Bootstrap Inference¶

Quick Reference

Class: panelbox.validation.robustness.PanelBootstrap Import: from panelbox.validation.robustness import PanelBootstrap Key method: bootstrap.run() then bootstrap.conf_int() Stata equivalent: bootstrap prefix R equivalent: boot::boot()

Why Bootstrap?¶

Asymptotic inference relies on assumptions -- normality, correct variance specification, large samples -- that may not hold in practice. Bootstrap inference replaces these assumptions with computation: resample the data, re-estimate the model many times, and let the empirical distribution speak for itself.
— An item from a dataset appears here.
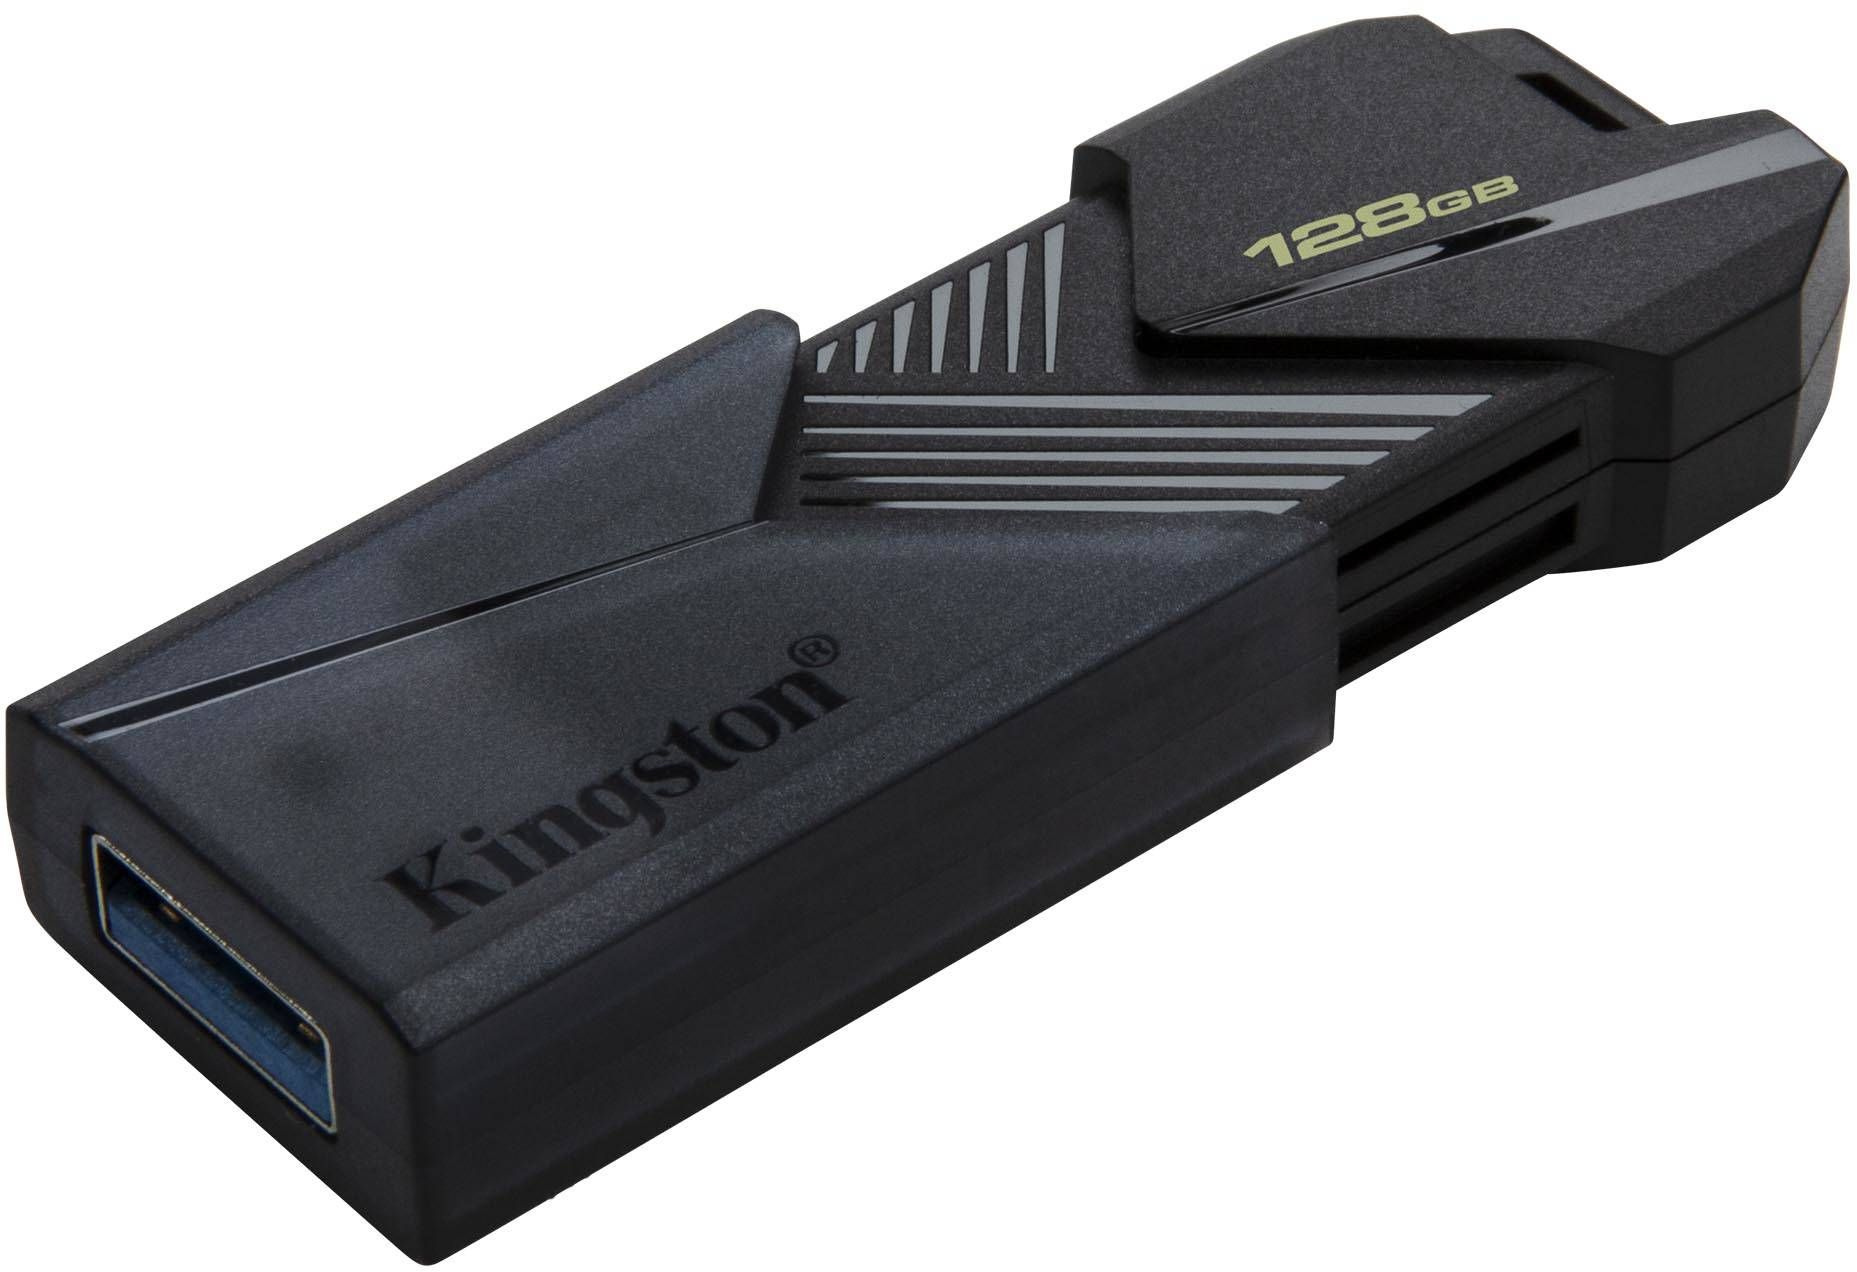 Флеш Диск Kingston 128Gb черный (DTXON/128GB)

Bootstrap is especially valuable when:

The number of clusters (entities) is small (\(N < 50\)), making clustered SEs unreliable
The distribution of the test statistic is non-standard
You want distribution-free confidence intervals
You suspect heteroskedasticity or serial correlation patterns that analytical SEs may not fully capture

Four Bootstrap Methods¶

PanelBox implements four bootstrap methods, each suited to different data structures:

Method	Resampling Unit	Preserves	Best For
`pairs`	Entire entities	Panel structure, within-entity correlation	General purpose (default)
`wild`	Residuals (Rademacher weights)	Heteroskedasticity pattern	Heteroskedastic errors
`block`	Blocks of time periods	Temporal dependence	Autocorrelated data
`residual`	i.i.d. residuals	Nothing special	Homoskedastic i.i.d. errors

Pairs Bootstrap (Default)¶

Resamples entire entities with replacement. If the original panel has \(N\) entities, draw \(N\) entities randomly (with replacement) and stack their complete time series. This preserves within-entity correlation and is robust to both heteroskedasticity and serial correlation.
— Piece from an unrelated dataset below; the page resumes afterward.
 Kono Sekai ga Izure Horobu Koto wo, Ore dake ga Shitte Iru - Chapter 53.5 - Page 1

bootstrap = PanelBootstrap(results, n_bootstrap=1000, method="pairs", random_state=42)

Wild Bootstrap¶

Keeps the design matrix \(X\) fixed and perturbs residuals using Rademacher weights \(w_i \in \{-1, +1\}\) with equal probability. The bootstrap outcome is \(y^* = \hat{y} + w \cdot \hat{e}\). Specifically designed for heteroskedasticity but does not preserve serial correlation.

bootstrap = PanelBootstrap(results, n_bootstrap=1000, method="wild", random_state=42)

Block Bootstrap¶

Resamples blocks of consecutive time periods (moving block bootstrap). Block size defaults to \(T^{1/3}\) or can be set manually. Preserves temporal dependence within blocks while breaking dependence between blocks.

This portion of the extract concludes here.